Несколько мгновений женщины стояли друг против друга: одного роста, почти одинаковой комплекции, с одинаковыми короткими стрижками одинакового цвета волос. Это была схватка взглядов, схватка выдержки и особого женского куража.
– Интересно, где вас сумели отыскать, такую, всю на Герту Менц похожую? – довольно добродушно поинтересовалась графиня фон Криффер.

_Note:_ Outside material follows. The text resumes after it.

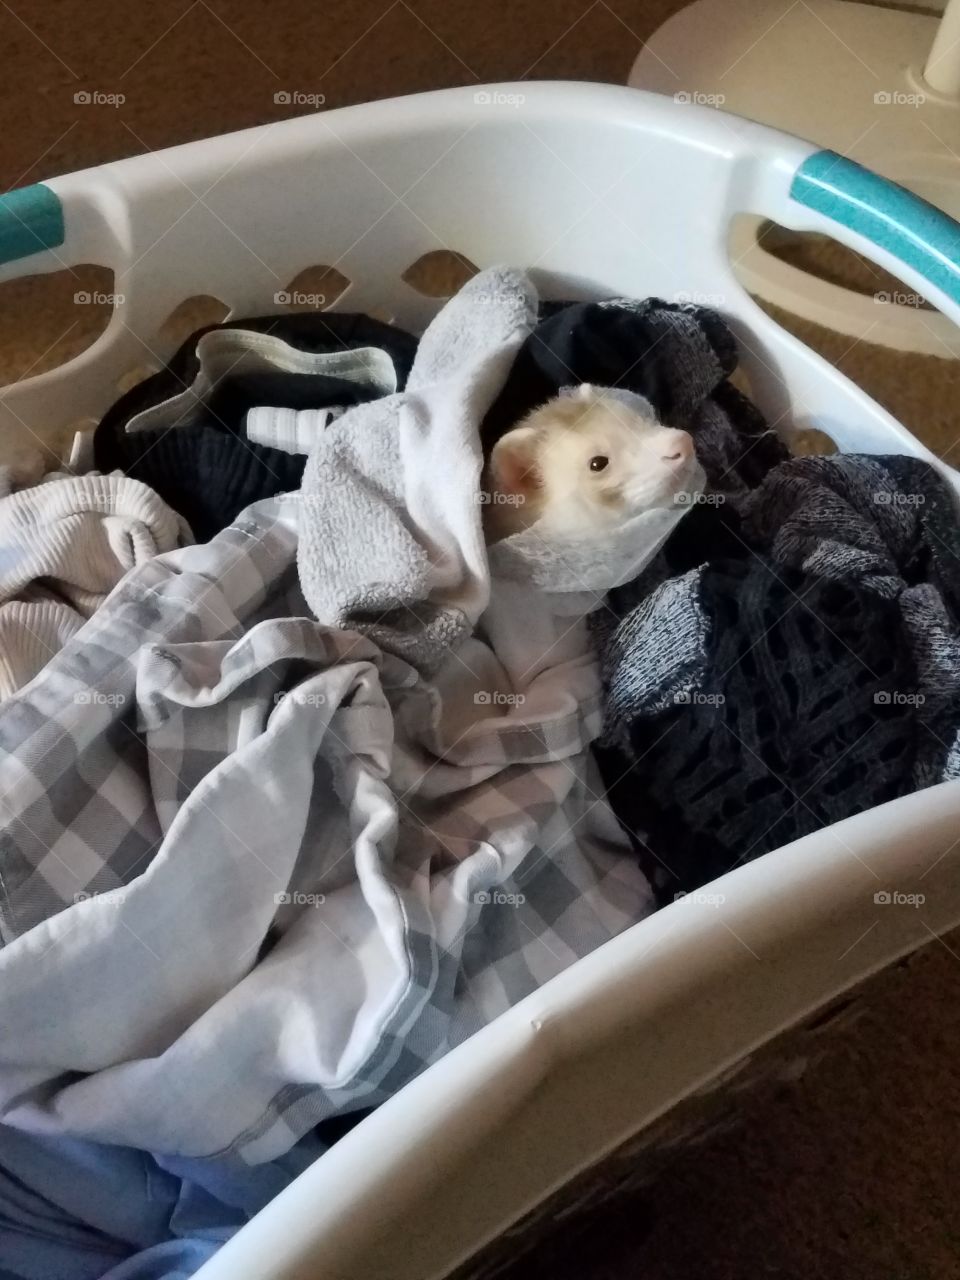 laundry ferret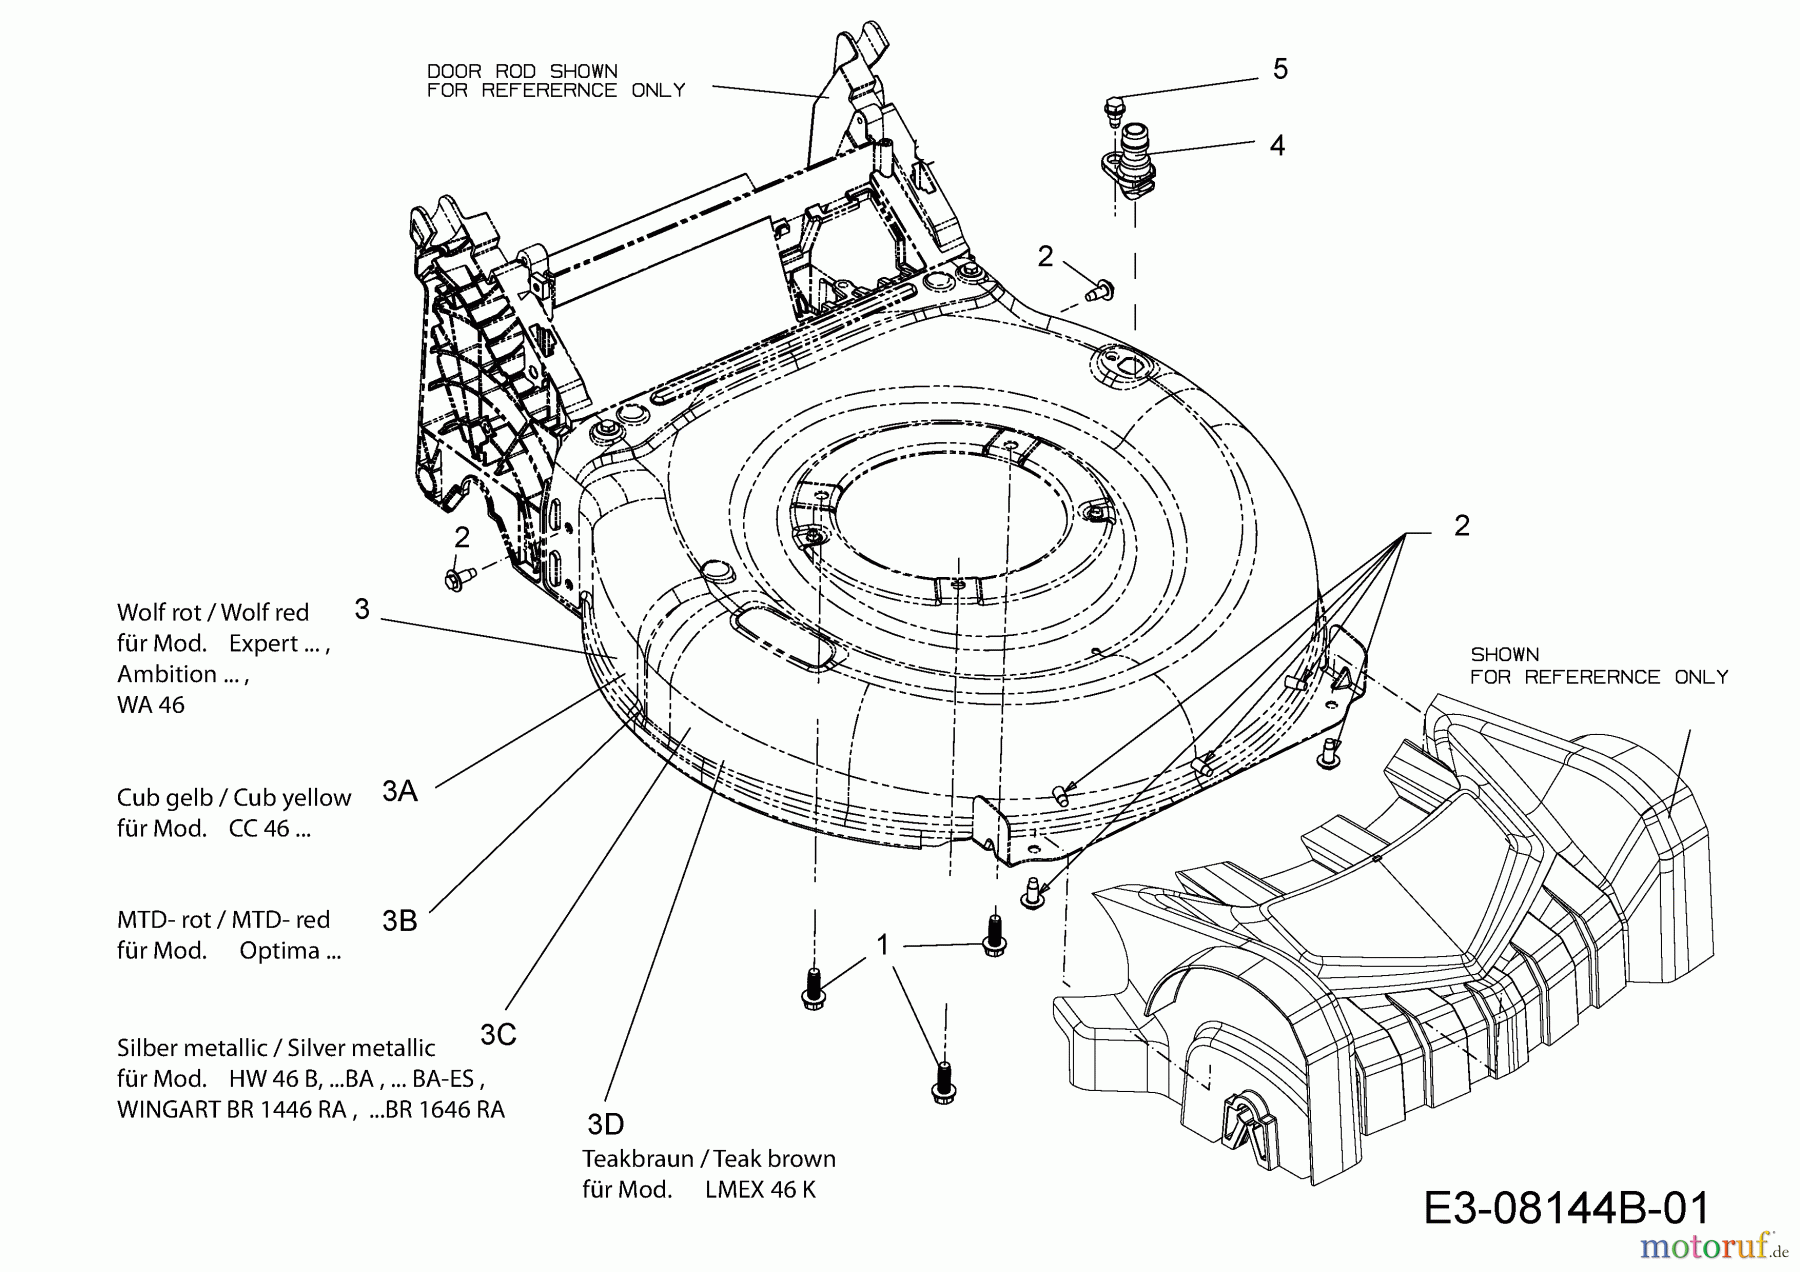  MTD Motormäher mit Antrieb LMEX 46 K 12A-TH7D682  (2015) Mähwerksgehäuse, Waschdüse

– Это вас, душечка, где-то там подыскивали, – сухо парировала гостья. – А я и есть настоящая Эльза Менц.
– В самом деле?
– А кто в этом посмеет усомниться?
– И сестра у вас есть, по имени Герта?
– Была. Представьте себе, вашу легенду состряпали по ее биографии.
– А что произошло с ней самой?
– Тоже, что и со многими другими врагами Германии, которые забывают первую заповедь германца: фюрер всегда прав! В концлагере она с коммунистами связалась, стерва. Впрочем, теперь это уже не имеет значения.
«А ведь она же сама и сдала свою сестру гестапо!» – молвил про себя фон Готт.
– Я не большой специалист по чтению мыслей, барон, но по глазам вашим вижу, что сейчас вы решили, будто я сдала свою сестру гестапо.
– Хотите сказать, что я ошибся?
– Мне не нужно было сдавать ее гестапо, я сама – офицер гестапо. И, к вашему сведению, терпеть не могу аристократов, коммунистов и прочих жидомасонов.
Было бы странно, если бы вы их научились терпеть, – смерила ее презрительным взглядом графиня фон Криффер.
– Итак, наши дальнейшие действия, – откровенно проигнорировала ее замечание гестаповка. – Сейчас мы позовем сюда юристов, и вы, Норманния фон Криффер, мило улыбаясь, подпишете документы, удостоверяющие продажу этой провинциальной богадельни мне, своей любимой сестрице. Что и будет тотчас же удостоверено нотариусом, моим столичным юристом и подписями свидетелей.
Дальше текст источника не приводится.